# What to produce
The output is a word-for-word repeat of the listing below, free of images.

# Given information
=== Section Start ===
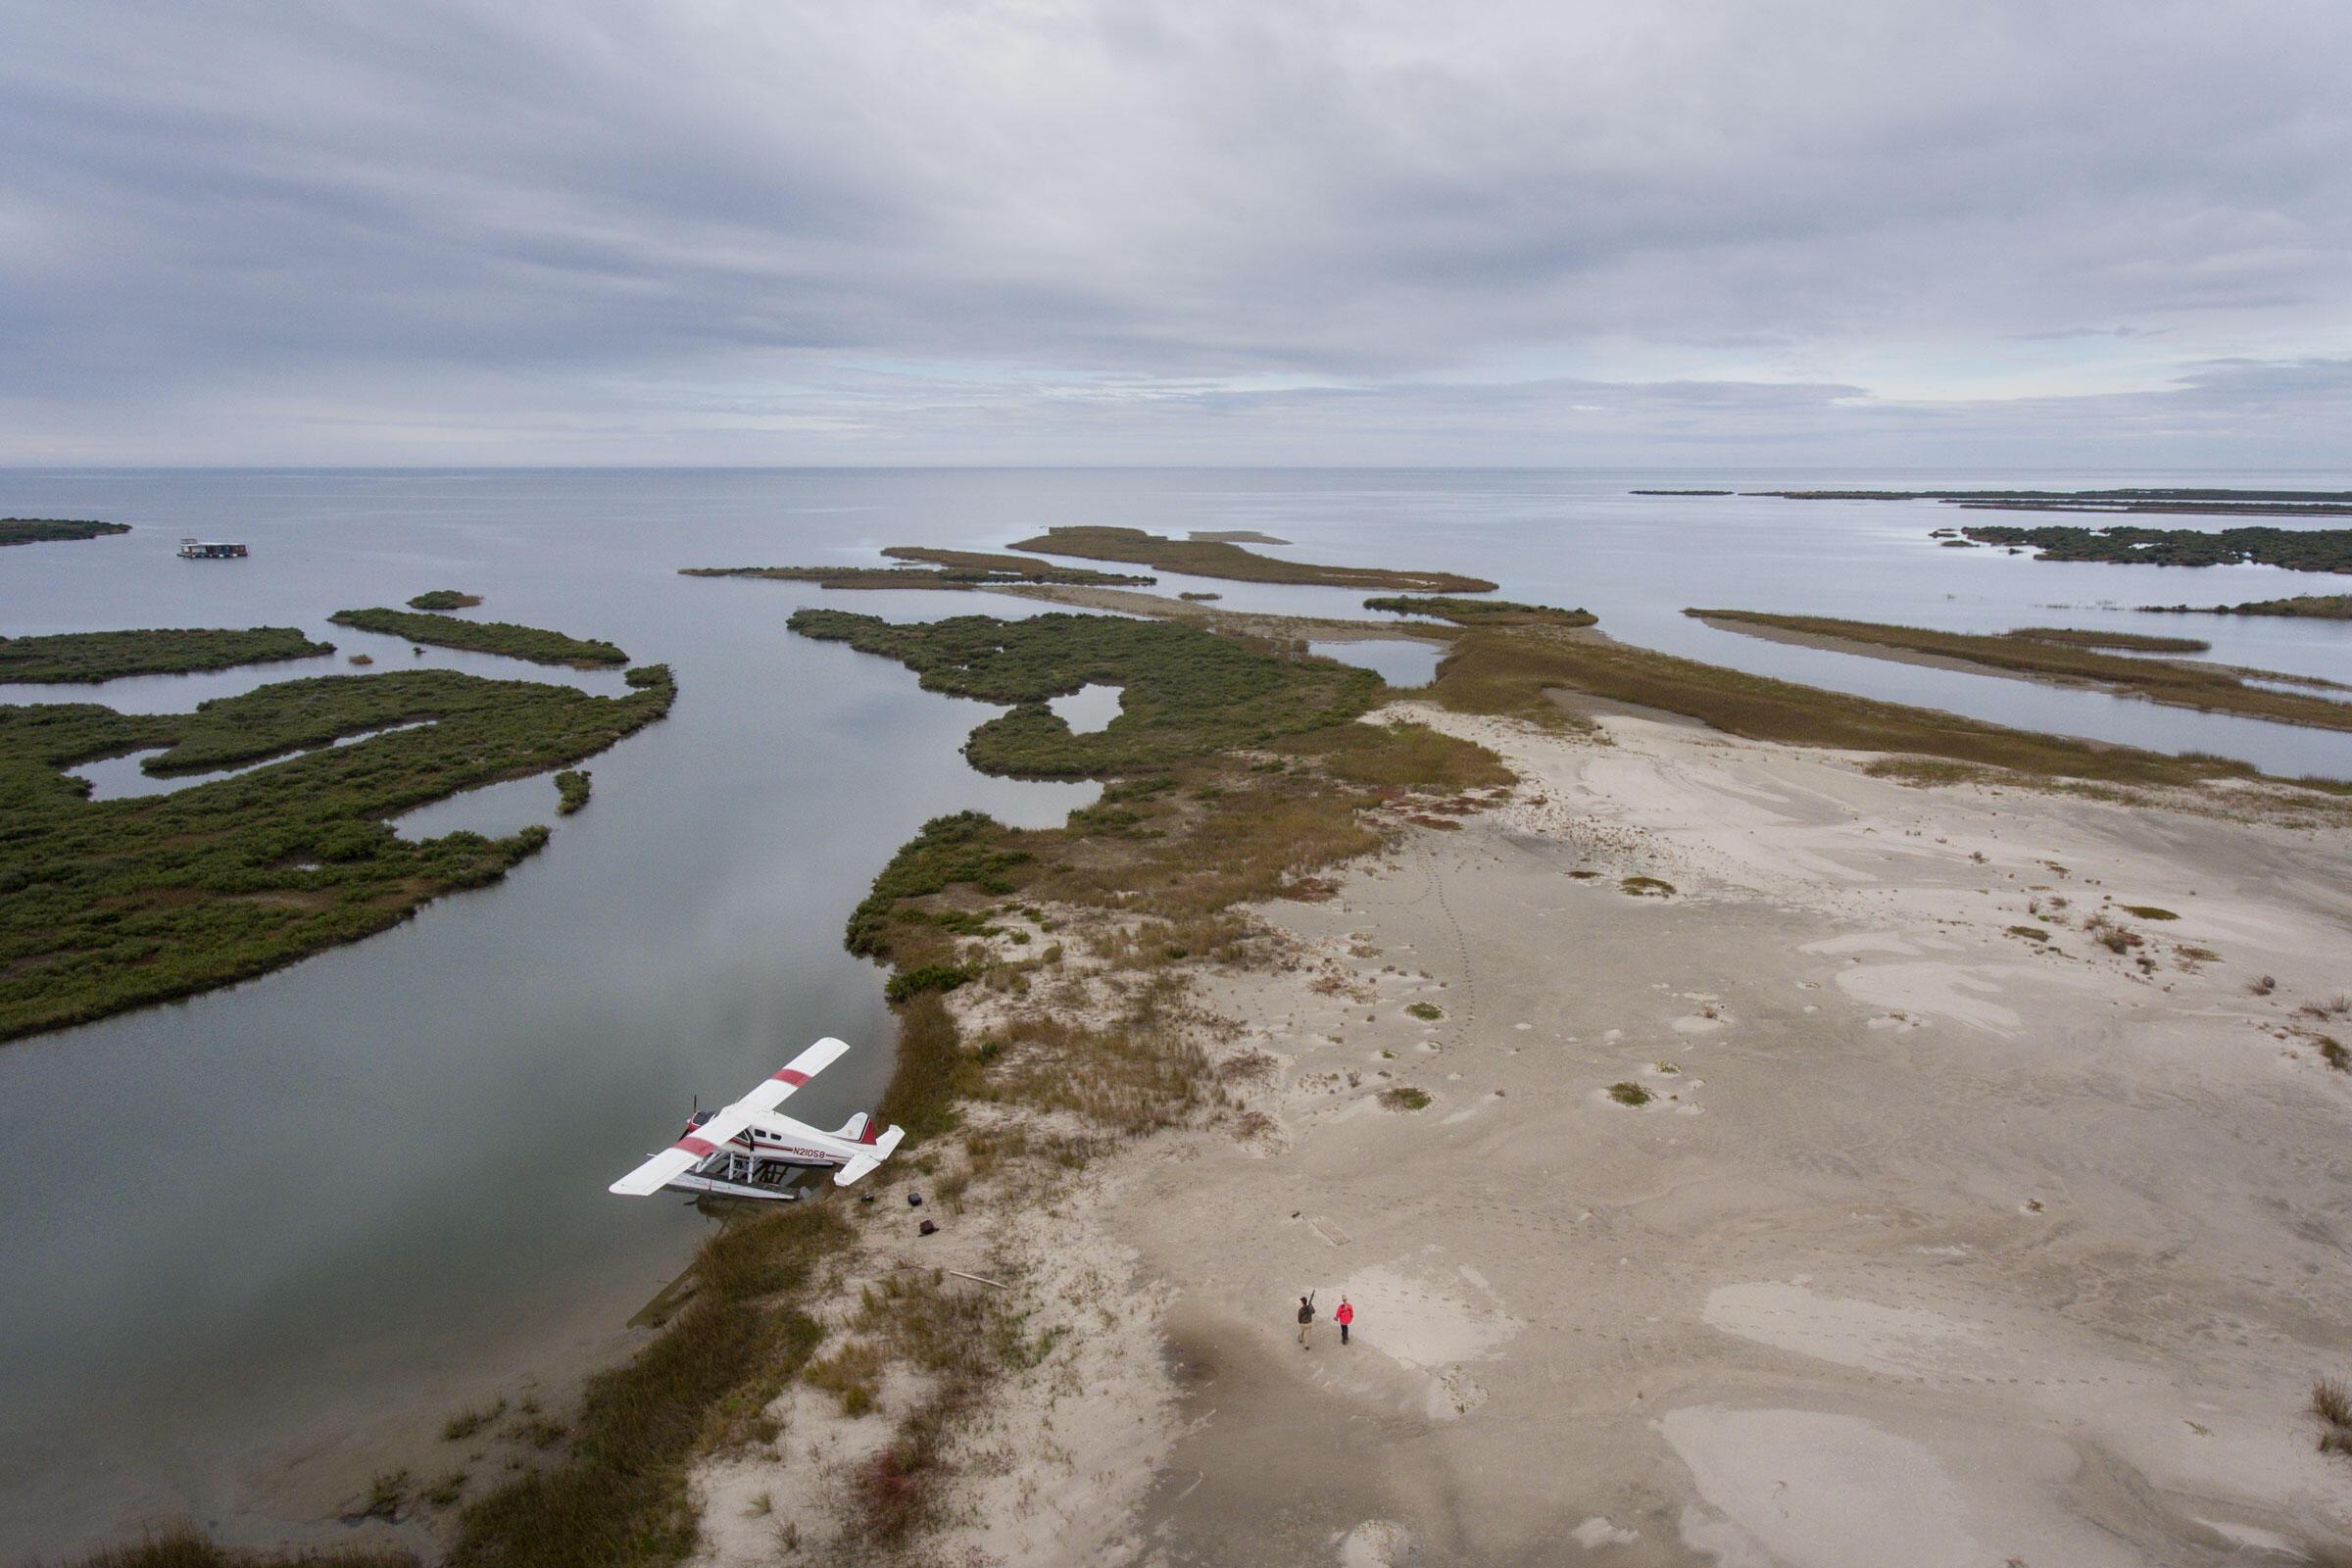 Kara Lankford and Erik Johnson patrol the Chandeleur Islands. Mac Stone
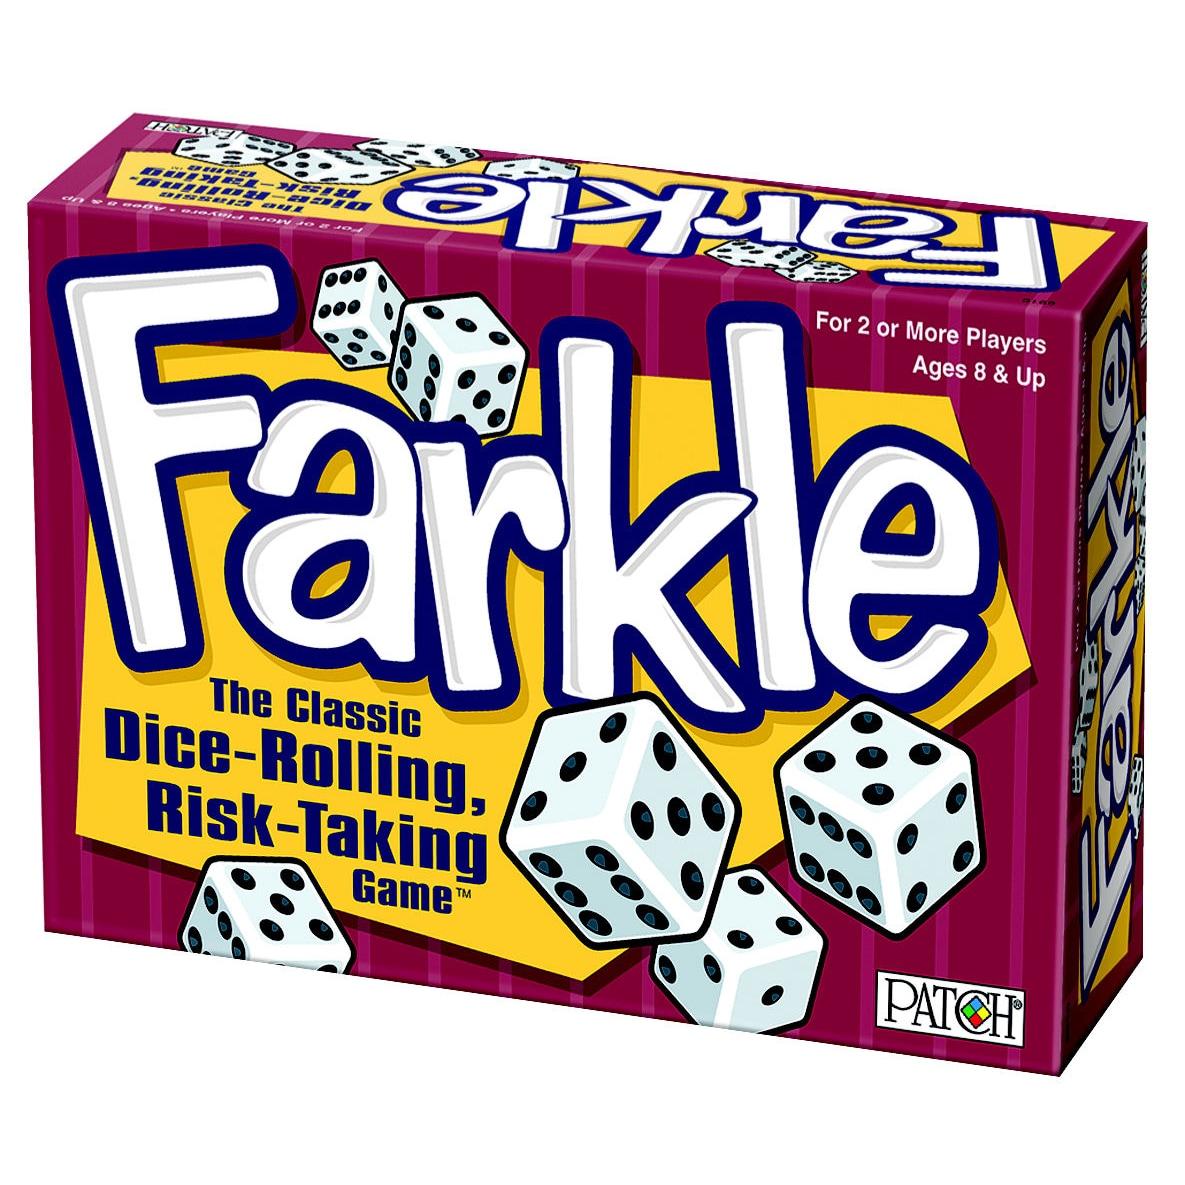 Patch Products Farkle Game Box-Farkle (Farkle), White
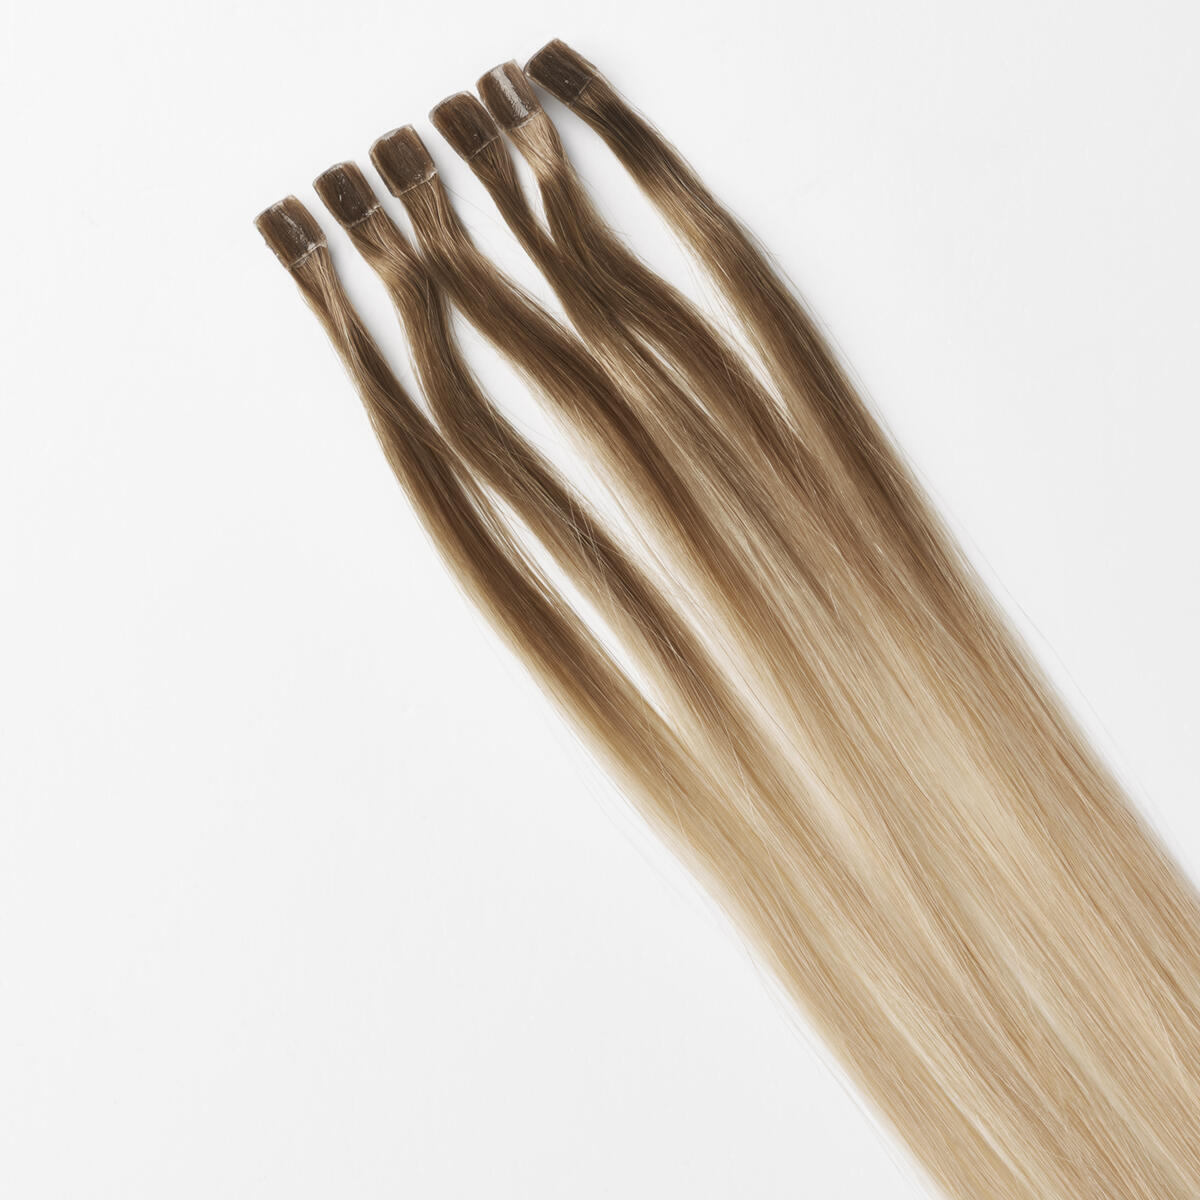 Nail Hair Premium C2.2/10.5 Dark Cool Blonde ColorMelt 40 cm
=== Section End ===
# Task answer
 Kara Lankford and Erik Johnson patrol the Chandeleur Islands. Mac Stone
 Patch Products Farkle Game Box-Farkle (Farkle), White
 Nail Hair Premium C2.2/10.5 Dark Cool Blonde ColorMelt 40 cm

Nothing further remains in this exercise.